• [Task directions] Your answer must be an exact copy of the listing, with the images left out.

• [Available data]
Start of Block

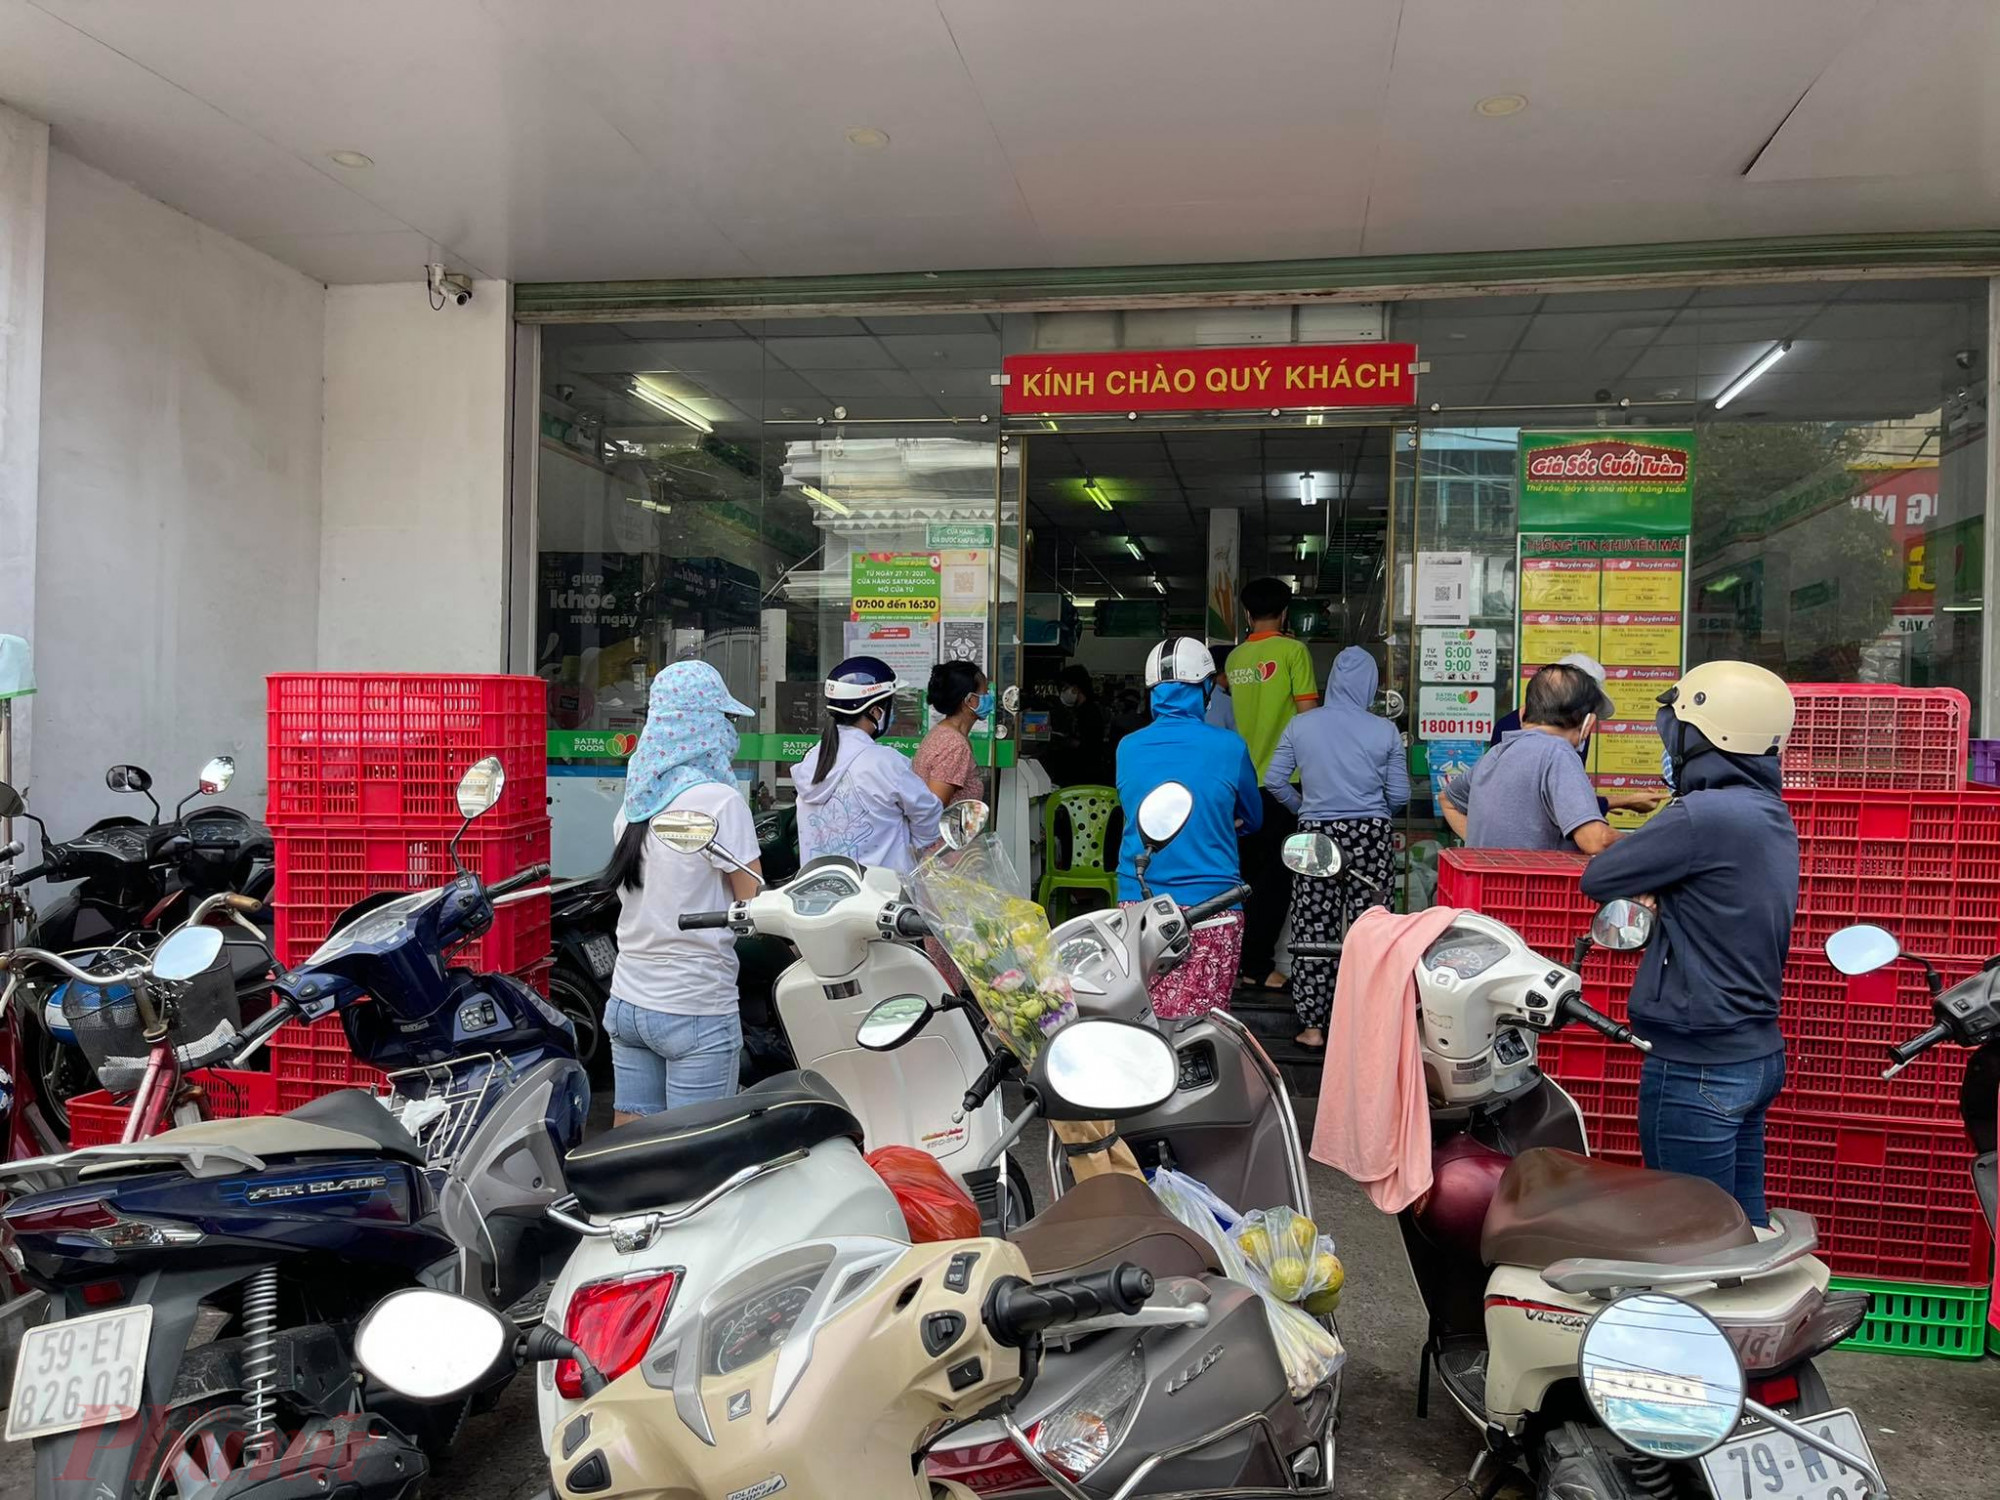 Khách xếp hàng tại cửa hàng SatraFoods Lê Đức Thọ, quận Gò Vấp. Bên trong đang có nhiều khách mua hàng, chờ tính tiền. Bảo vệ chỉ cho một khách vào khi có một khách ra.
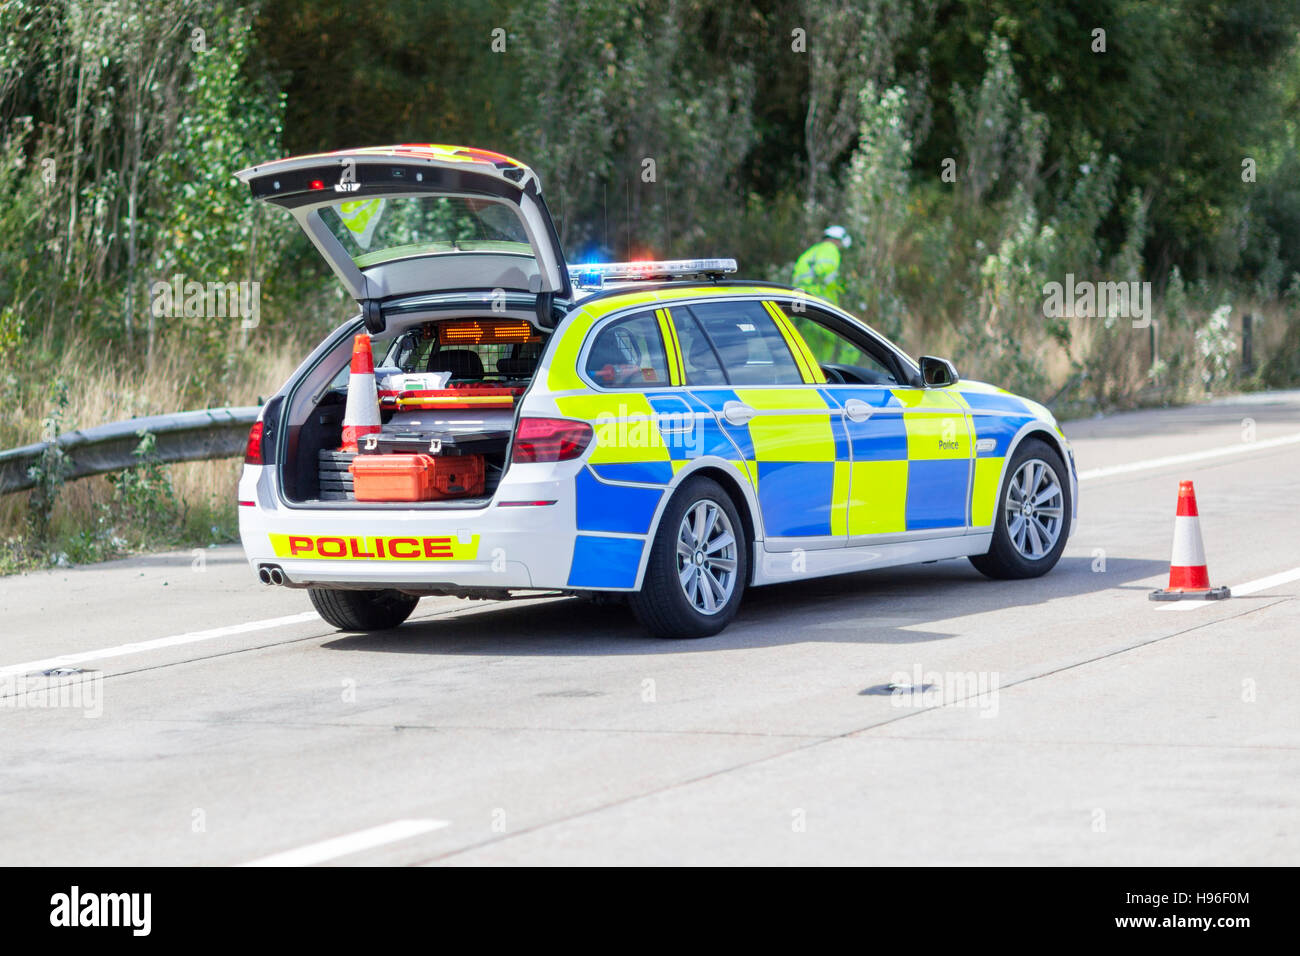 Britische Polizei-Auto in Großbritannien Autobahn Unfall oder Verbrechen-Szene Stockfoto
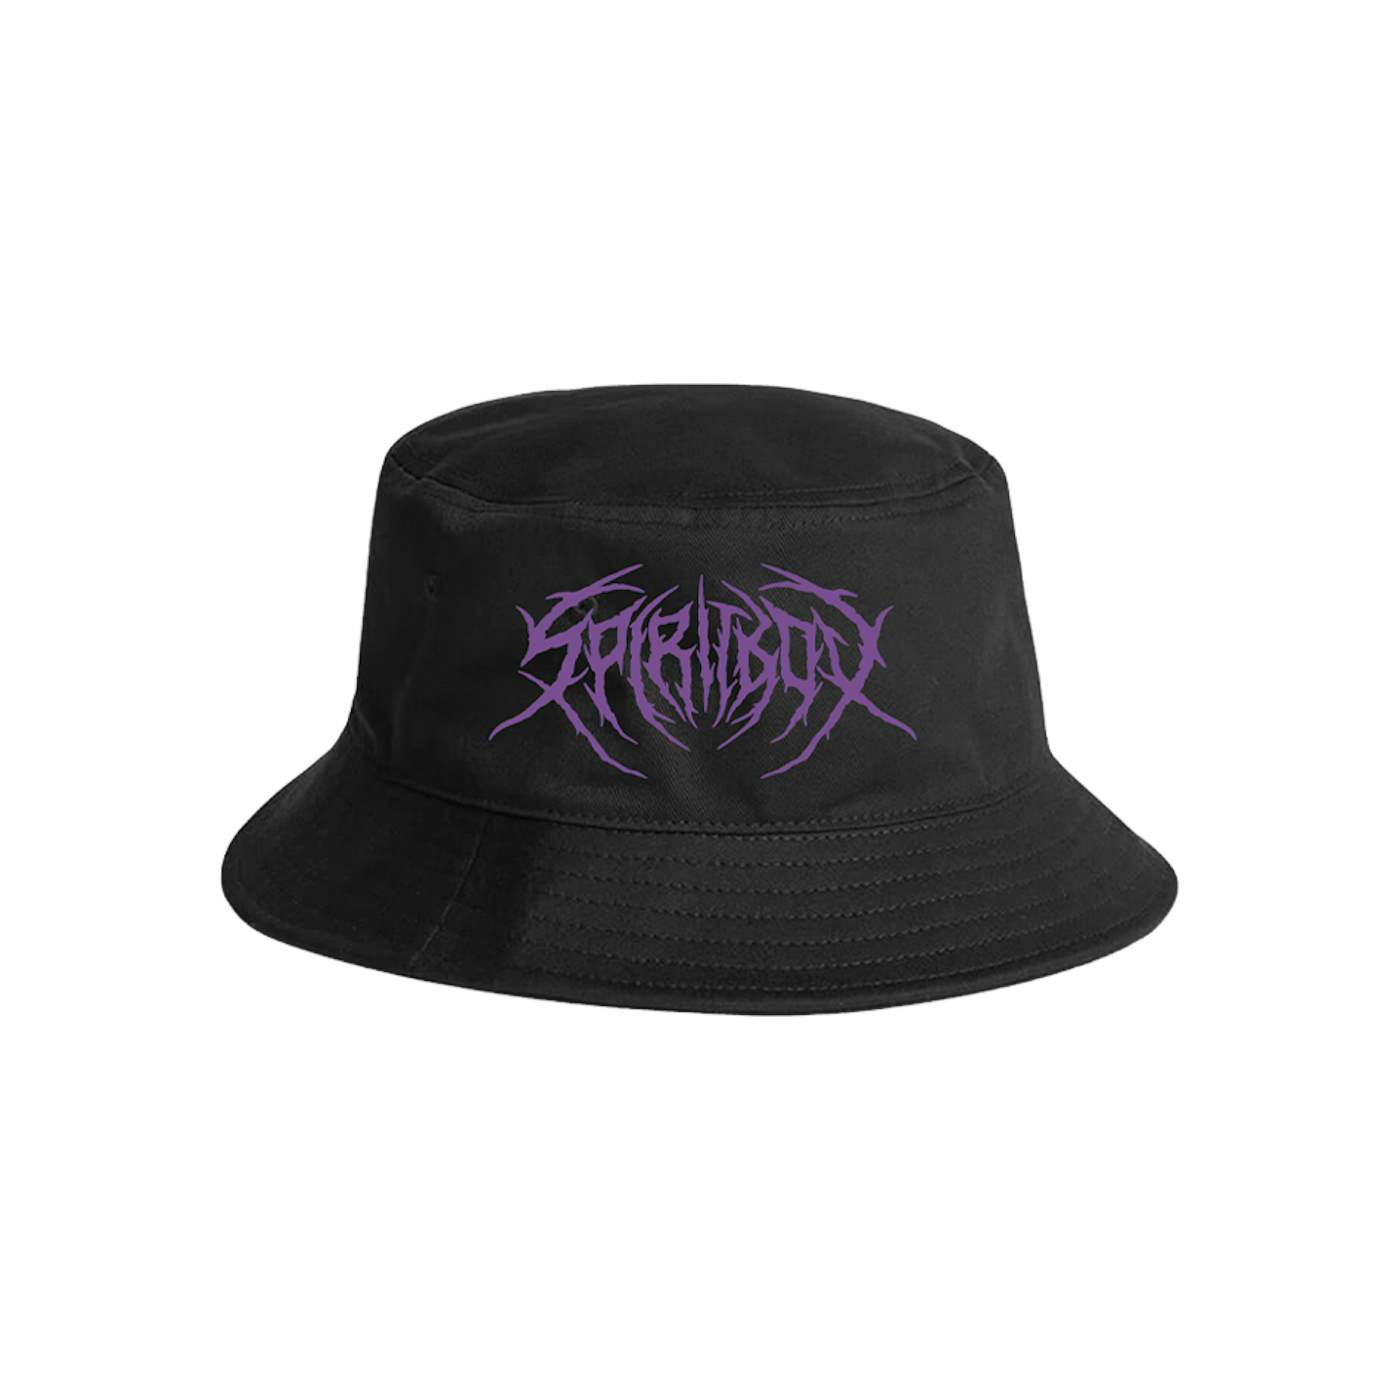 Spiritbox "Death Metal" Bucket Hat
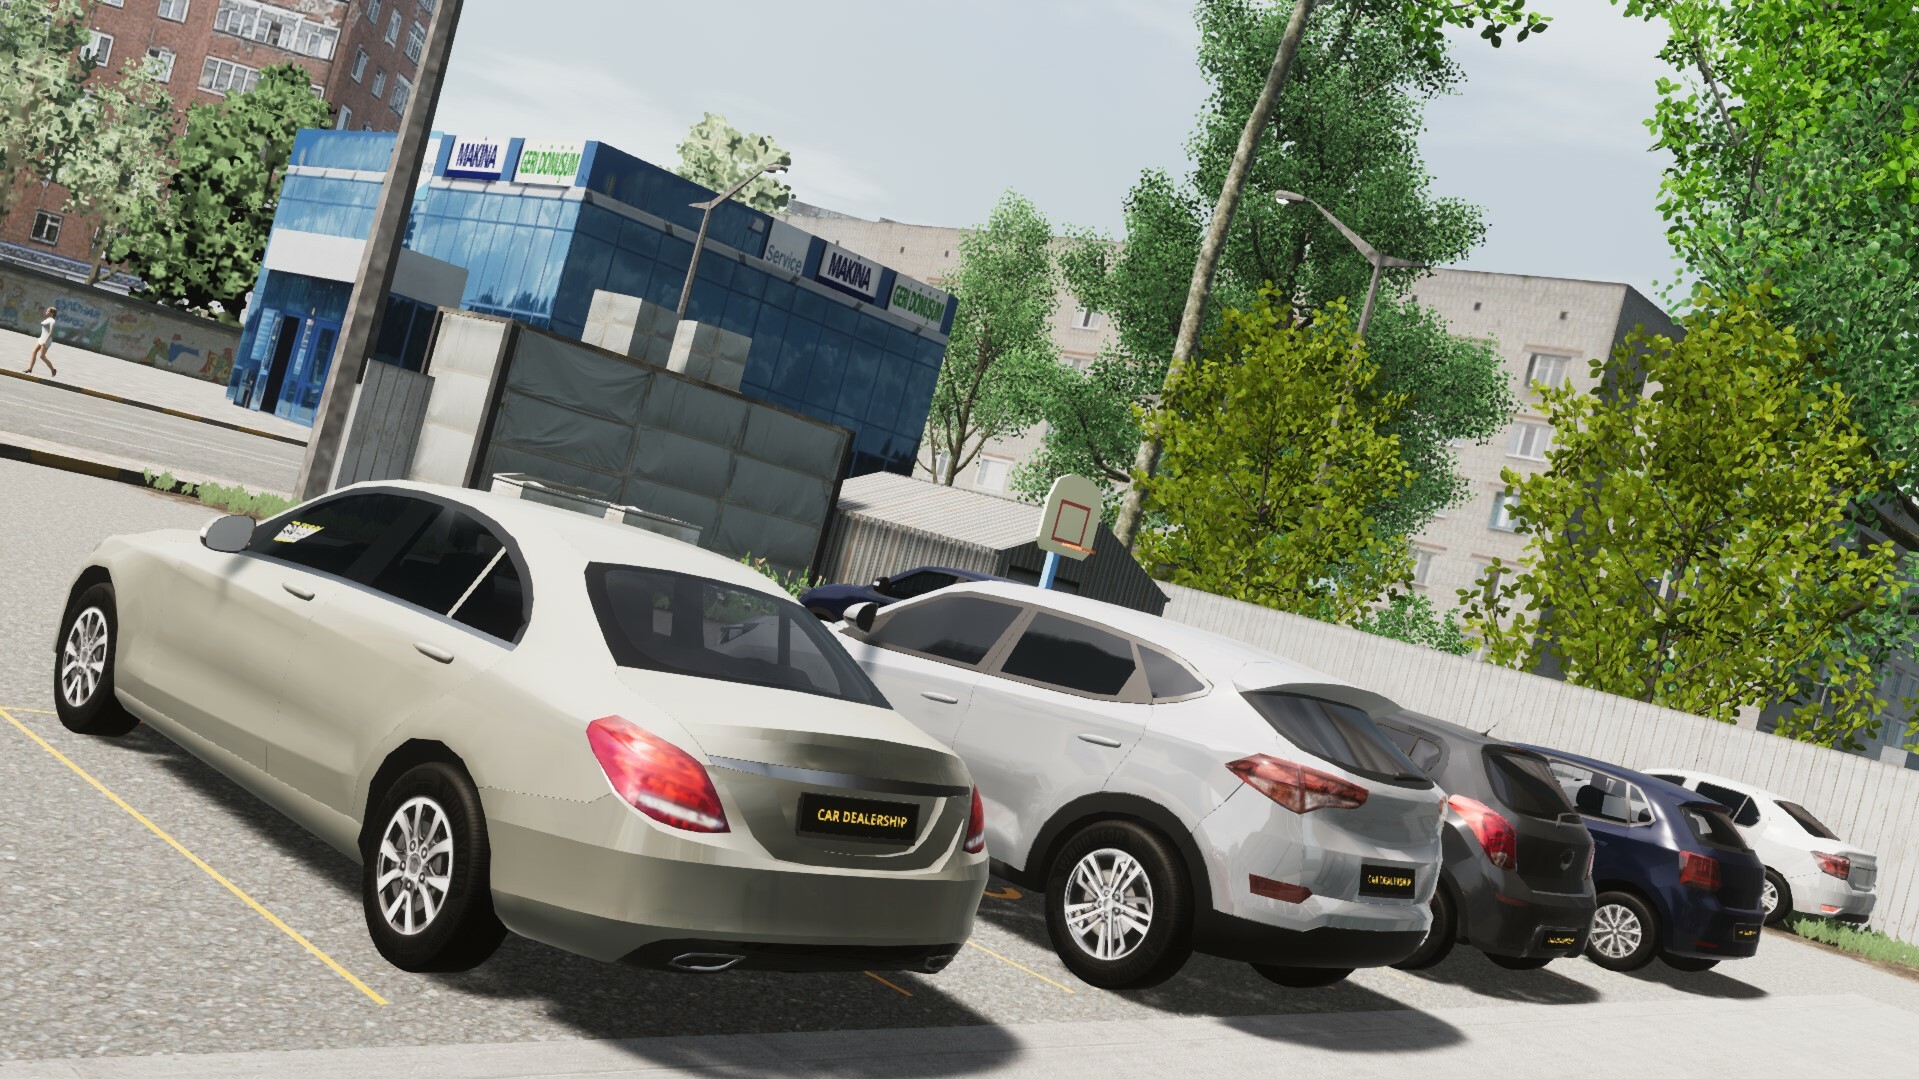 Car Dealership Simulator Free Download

End of Block

• [Solved problem]
 Khách xếp hàng tại cửa hàng SatraFoods Lê Đức Thọ, quận Gò Vấp. Bên trong đang có nhiều khách mua hàng, chờ tính tiền. Bảo vệ chỉ cho một khách vào khi có một khách ra.
 Britische Polizei-Auto in Großbritannien Autobahn Unfall oder Verbrechen-Szene Stockfoto
 Spiritbox "Death Metal" Bucket Hat
 Car Dealership Simulator Free Download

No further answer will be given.